Klares Jein. Die Augenthaler Bilder werden genau die Reaktionen hervorrufen, die in unserer Gesellschaft denkbar sind. So vielfältig wie das Empfinden und die Meinungen zum Thema in einer so grossen Gesellschaft nuneinmal sind, würden die Reaktionen sein.




tibulski schrieb:


> Wäre vielleicht mal interessant dazu eine öffentliche Meinung einzuholen.



Die ist bekannt!
Ein Grossteil der Gesellschaft steht dem Angeln sehr positiv gegenüber. Und ganz besonders dem Zurücksetzen, so meine eigenen Erfahrungen,


----------



## Sharpo (31. August 2016)

*AW: Ein dickes Lob für Matze Koch und "Fisch und Fang"*

Viele Angler haben auch keine Ahnung oder quatschen einfach dummes Zeug nach..
Thema Dreck!

Auch werden dann mal 2- 3 Bilder mit Fisch als grosse Fotosession bezeichnet.

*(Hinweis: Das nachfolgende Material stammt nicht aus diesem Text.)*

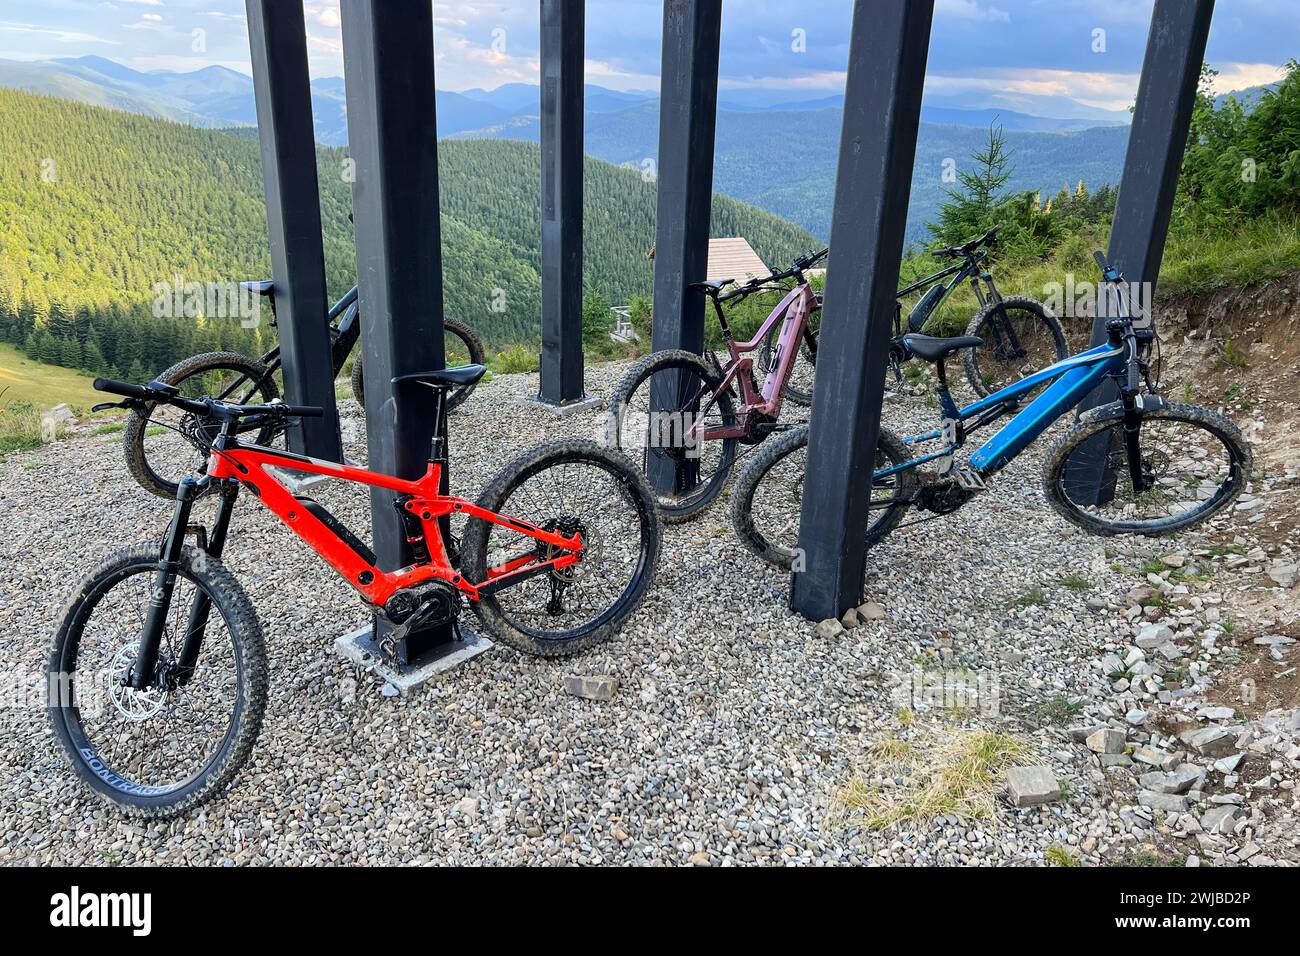 Collezione di mountain bike elettriche parcheggiate su un terreno coperto di ghiaia in montagna. Le biciclette da MTB sono collocate sotto una struttura con spessi montanti neri. Foto Stock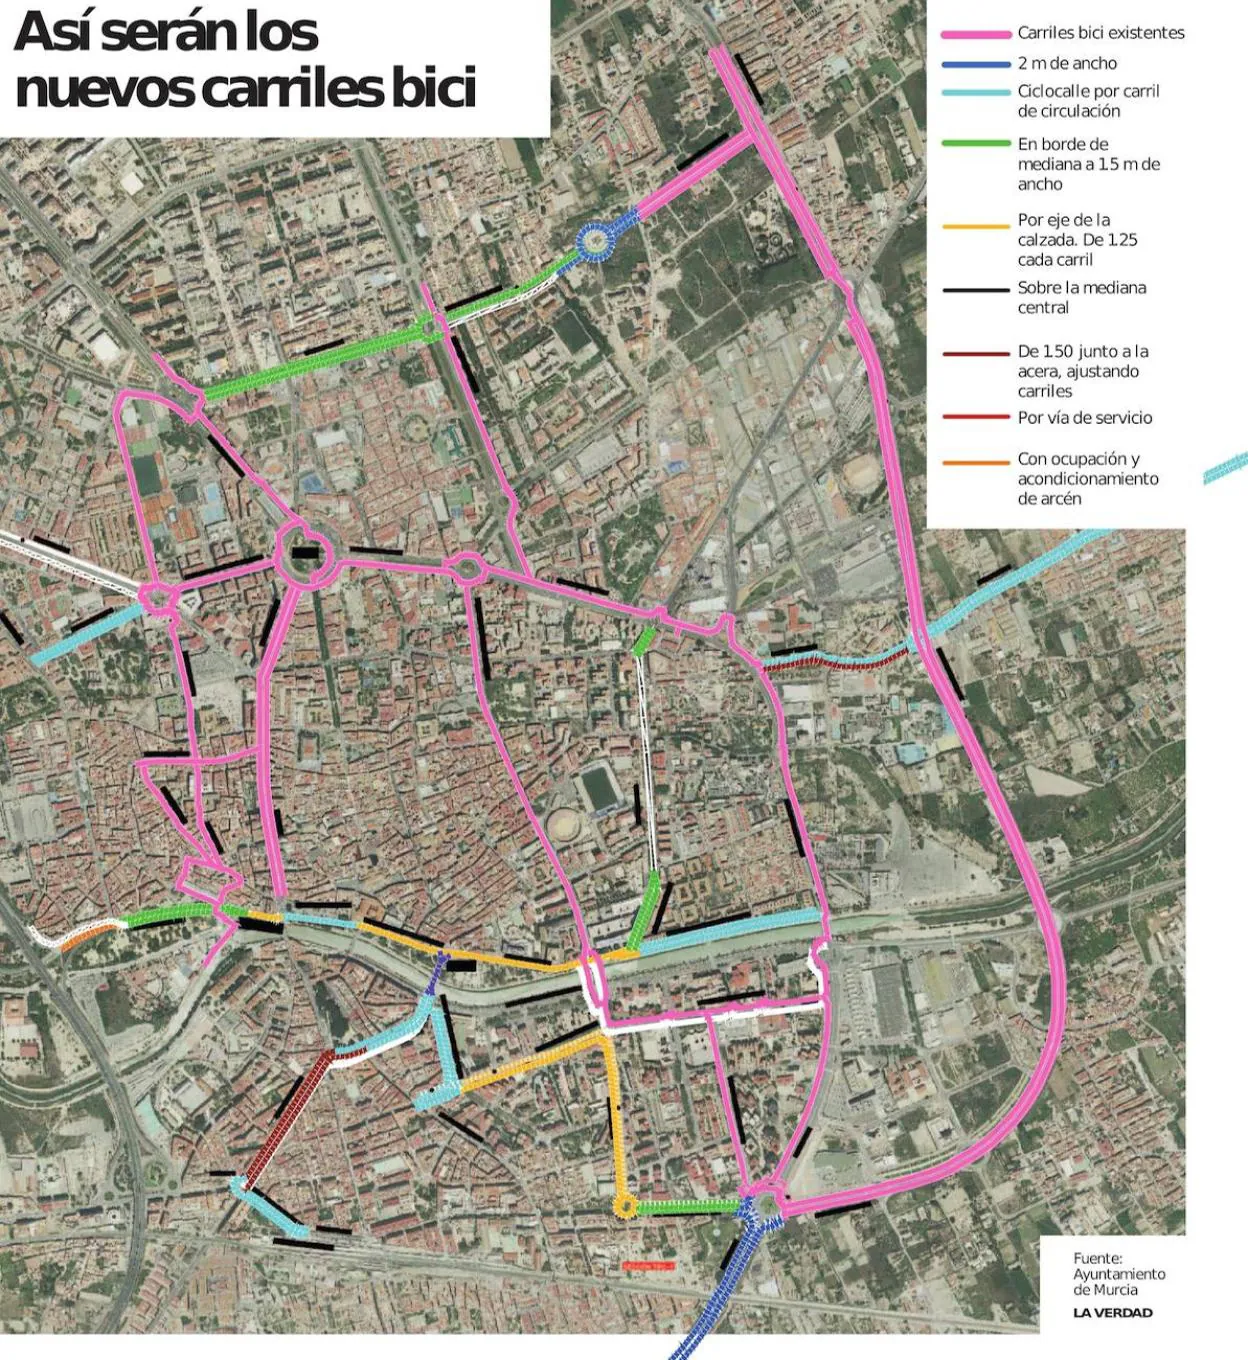 Los siete tramos provisionales de 'bici vías' de Murcia estarán disponibles a partir del próximo otoño

Wobei eine DSLR in 1 Sec.. ca. 10 Bilder anfertigen kann.
Und wenn dann der Kollege beim Anlanden und zurücksetzen noch fotografiert wird...


----------



## Thomas9904 (31. August 2016)

*AW: Ein dickes Lob für Matze Koch und "Fisch und Fang"*



Thomas9904 schrieb:


> Das alles ist hier Offtopic!!!
> 
> Hier gehts nicht ums behandeln des Fisches, sondern um das Editorial von Matze Koch, in welchem er das anglerfeindliche Verhalten des GF Hanfland vom LFV-Bayern kommentiert, der in seinem Interview eben REIN GAR NICHTS ZUR  Behandlung des Fisches sagte!!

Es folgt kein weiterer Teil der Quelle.